Friday, July 27, 2012

Carlie Wren, born 7.22.12


My head is still reeling from everything.

 My heart is in agony over everything that's happened. In time, I will tell precious Carlie's story. Please see the link to the right of the blog if you would like to donate toward her Memorial Fund. I wasn't sure how to just do an "add your own" amount, but I think you can change the amount of your donation once you get to the PayPal website. Select "personal" as your donation so PayPal doesn't tax a big amount. Please don't feel obligated to give the specific amount in the drop down menu; anything will help. The proceeds will go toward our memorial for her as well as her grave stone. We are planning to have a memorial gathering for her, much like a birthday party. Since this is the only event we'll get to plan for our baby girl, we want it to be as special as possible.

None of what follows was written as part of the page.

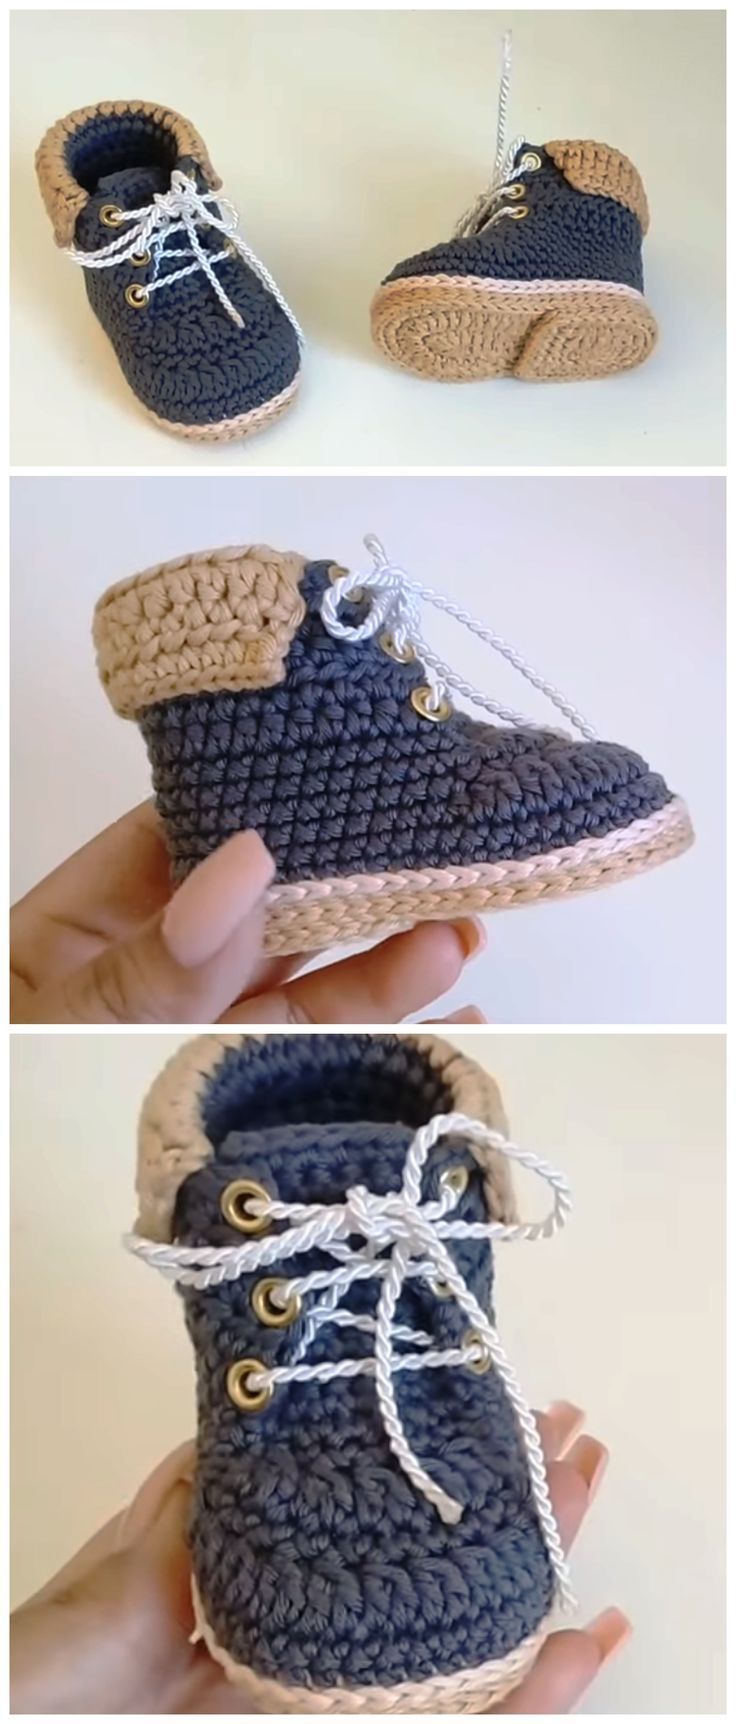 Crochet Baby Boots From 0 To 3 Months - Life with Alyda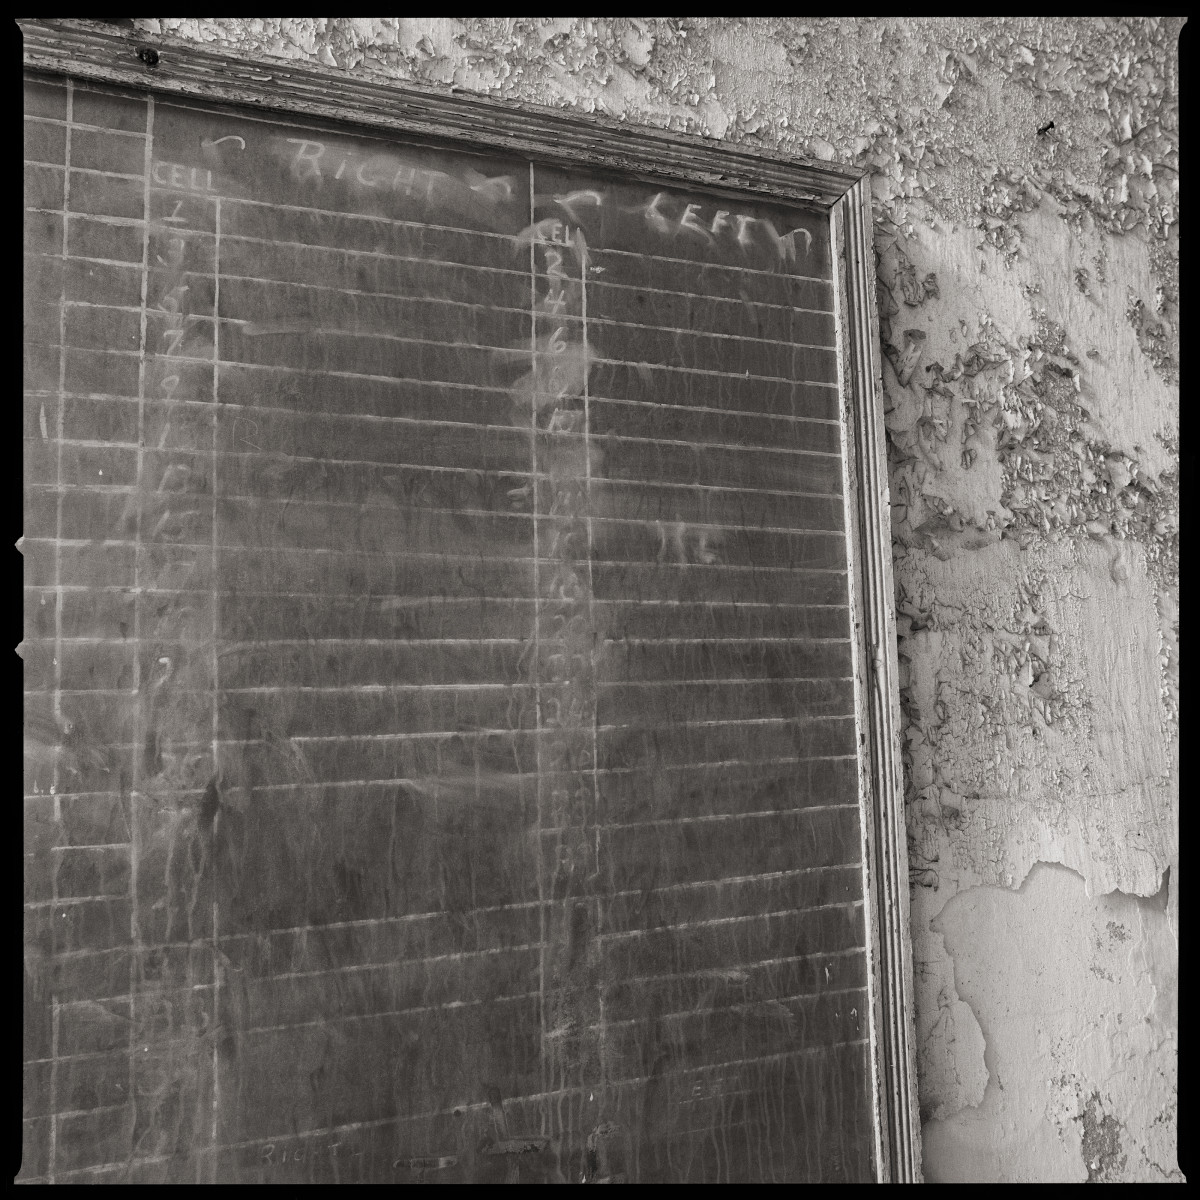 Prisoner Control Board by Eric T. Kunsman  Image: ID: A black and white image shows a chalkboard that is numbered, mounted on a wall with chipped paint,

Be at peace, baby girl. You are such a fighter, and momma is so proud of you.

Monday, June 25, 2012

18 week survey!

17 weeks, 5 days!


Baby's size? The size of a sweet potato, 5.6 inches, 3.5 oz (Baby was measuring at 6.4 inches on Saturday, so she's apparently taller than average :P ) 

Weight Gain? about 10 pounds

Sleep? It's been interesting. Some nights I can't sleep, because my brain is wide awake. Other nights, it takes a bit to get comfortable. I've had to migrate to the middle of the bed because it's firmer.

Foods I am loving? Cheetos and Sunny Delight!

Foods I am hating?  Nothing, really. I haven't been nauseous in a while, so that's been amazing!

Best moment this week? I've had a lot! I was taken off of pelvic rest, praise the Lord! The blood clot is apparently gone!  Finding out little bit is a girl!!!! And also, I was laying flat on my back on Friday, and I could feel little flutters inside of my belly whenever Wesley started playing his guitar and singing. She must love her daddy's music!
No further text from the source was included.